It's official: according to new analysis from market analysis company Canalys, Apple is now the dominant PC maker in the world, reversing its position in the David vs. Goliath tale it told long ago during a Super Bowl spot called "1984."
The new numbers out today actually say a lot about the computer market outside, and including, Apple Inc. In the last quarter of 2012, one in every three PCs bought was a tablet, says Canalys. The tablet market grew by 75 percent in the last quarter of 2012. This sparks a debate about whether the lower-cost, lower-versatility (computationally speaking) tablets should be considered part of the PC market. One argument for inclusion goes back to the origin of the letters PC - and tablets could certainly be counted as personal computers in the broad sense.
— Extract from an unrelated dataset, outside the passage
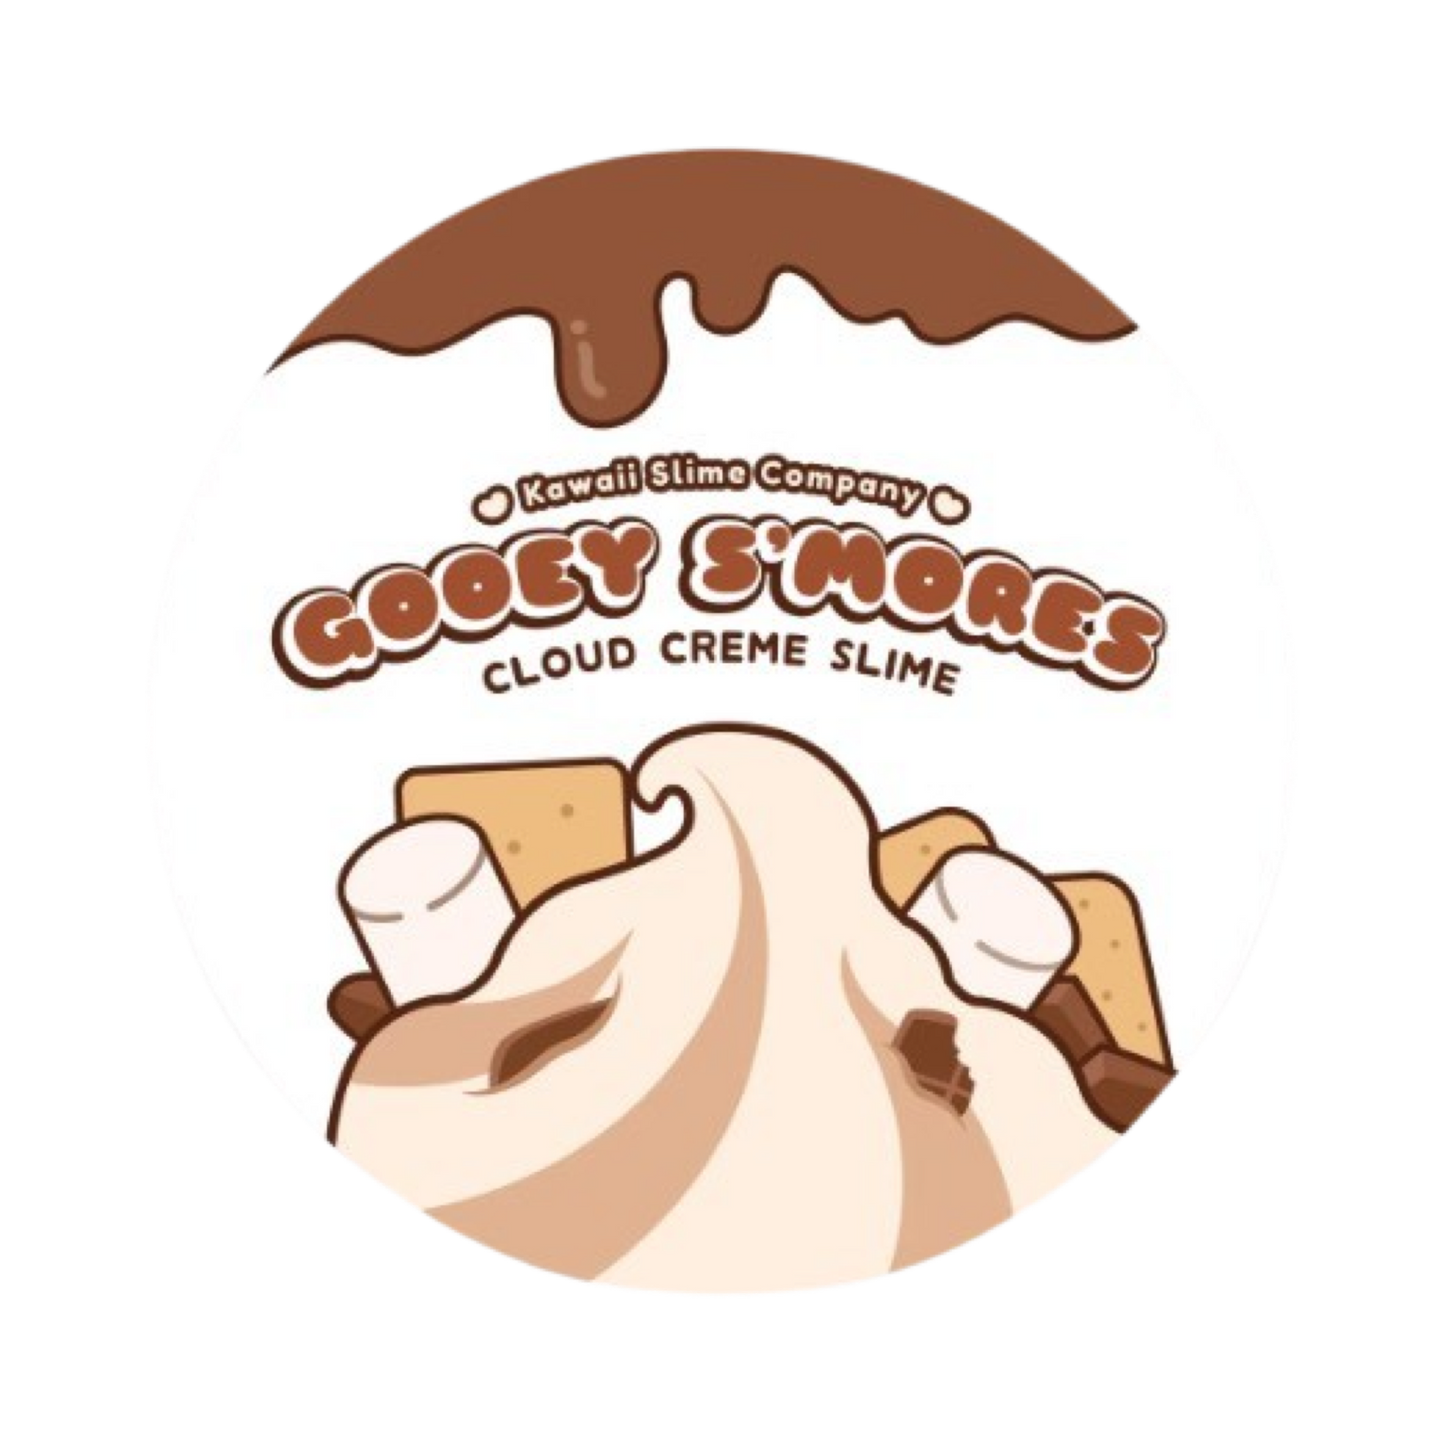 Gooey S'mores Cloud Creme Slime

So if you count them, out of that big chunk of tablet PCs, Apple's various iPad models accounted for 50 percent of devices shipped, with 22.9 million iPads shipped out of Apple's total 27 million computer units. Apple's success was driven by very strong sales of the iPad mini, helping the former Cupertino cub grow into a Microsoft-eclipsing monster. Microsoft, by the way, came away with a scanty single-digit share of that market. Only 3 percent of tablets shipped in Q4 of 2012 were based on Windows 8.
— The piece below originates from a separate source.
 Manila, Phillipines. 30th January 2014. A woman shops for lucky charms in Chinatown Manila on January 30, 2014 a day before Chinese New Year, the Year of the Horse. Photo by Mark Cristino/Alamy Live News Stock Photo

Which brings us to the changing of the guards. Remember when this Ridley Scott-directed Super Bowl ad appeared during a commercial break the third quarter of the 1984 Super Bowl?
The dystopian future was being run by Big Brother, also known as Big Blue, also known as IBM. Everyone was forced to conform to the bland uncreative soulless norm for computing. But a plucky, sexy, and unique Apple - the voice of the few, of the underdog, being chased by security guards - runs at the overbearing screen and hurls a hammer through it, freeing all of the drones from their overlord.
That was how they announced Macintosh. Now that Apple is big brother, will there ever be another small, revolutionary underdog that challenges it? Or are we all now living in the utopian future imagined by the ad, albeit ruled by those who once fought against it?